Extinct genus of dinosaur

Ekrixinatosaurus ('explosion-born reptile') is a genus of abelisaurid theropod which lived during the Albian stage of the Early Cretaceous. Its fossils have been found in Argentina. Only one species is currently recognized, Ekrixinatosaurus novasi, from which the specific name honors Dr. Fernando Novas for his contributions to the study of abelisaurid theropods, while the genus name refers to the dynamiting of the holotype specimen. It was a large abelisaurid, measuring between 6.5 and 8 m in length and weighing 800 kg.

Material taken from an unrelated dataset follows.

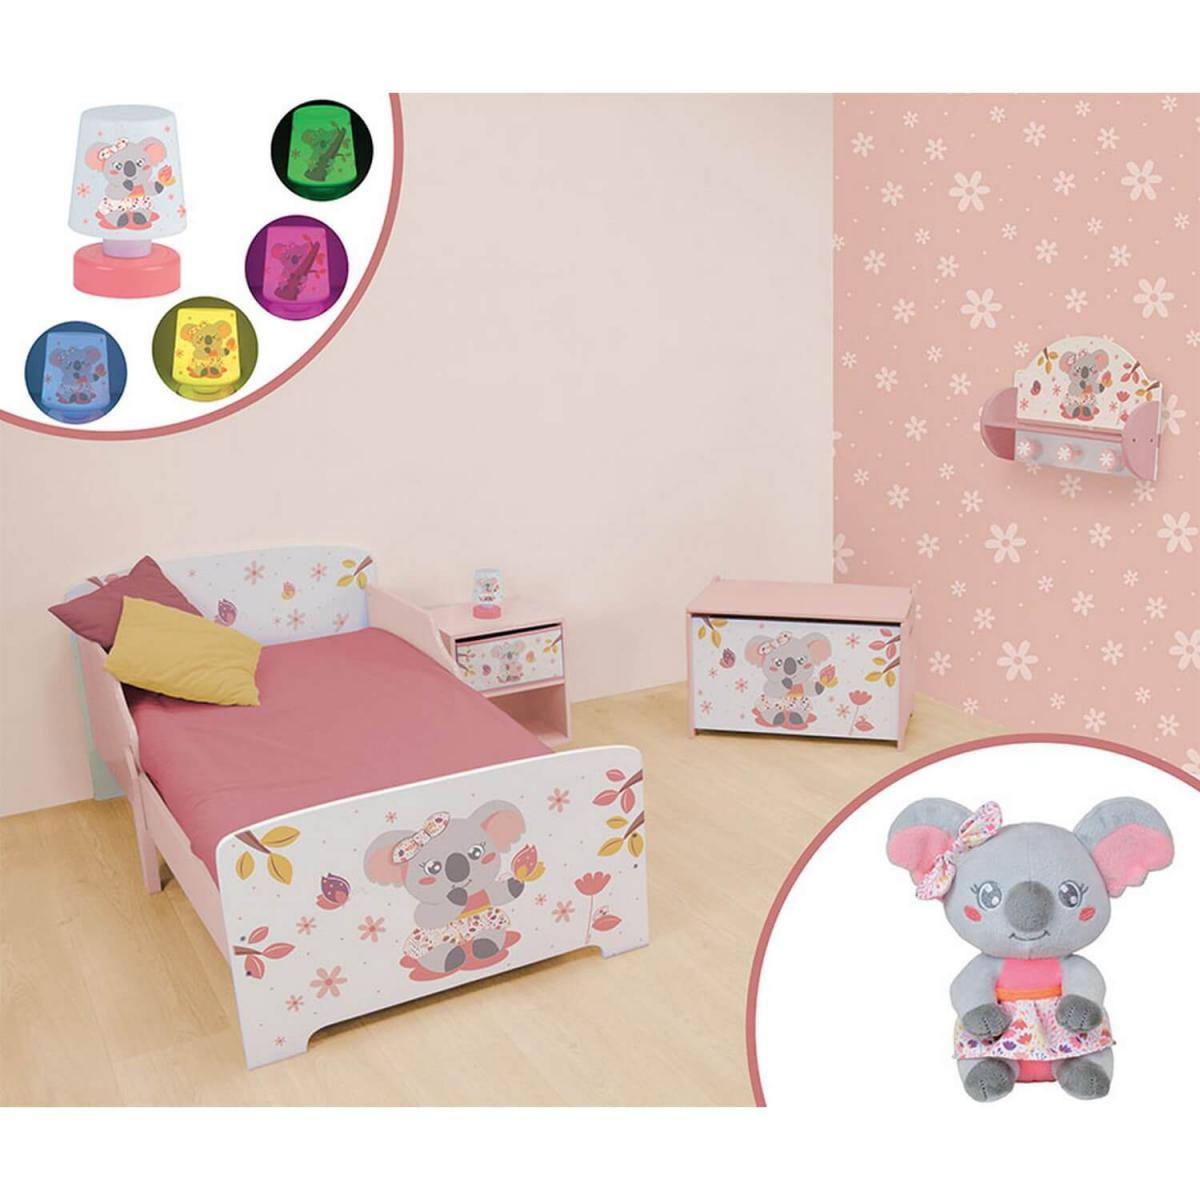 Jemini/Fun House - Chambre complète Koala 6 en 1 avec lit + coffre à jouets + Table de chevet + veilleuse + porte-manteaux + peluche Koala - Lit bébé

== Discovery and naming ==
The type species, Ekrixinatosaurus novasi, was first described in 2004 by Argentinian paleontologist Jorge Calvo, and Chilean paleontologists David Rubilar-Rogers and Karen Moreno. The fossils were found dispersed over an area of 15 m^{2} in the Candeleros Formation, a geologic formation that outcrops in Río Negro, Neuquén and Mendoza provinces of Argentina. Originally suggested to be the Cenomanian age of the Late Cretaceous, the maximum depositional age of both the Candeleros Formation and the overlying Huincul Formation is re-dated to the early Albian by Maniel et al. (2026), approximately 111.4 ± 1.1 Ma and 106.2 ± 1.0 Ma respectively. The formation consists of red beds where other famous vertebrate animals have been discovered, such as Giganotosaurus, Rebbachisaurus and Andesaurus. The discovery occurred due to excavations for building a gas pipeline conducted by Gasoducto del Pacífico Company in Bajo del Añelo.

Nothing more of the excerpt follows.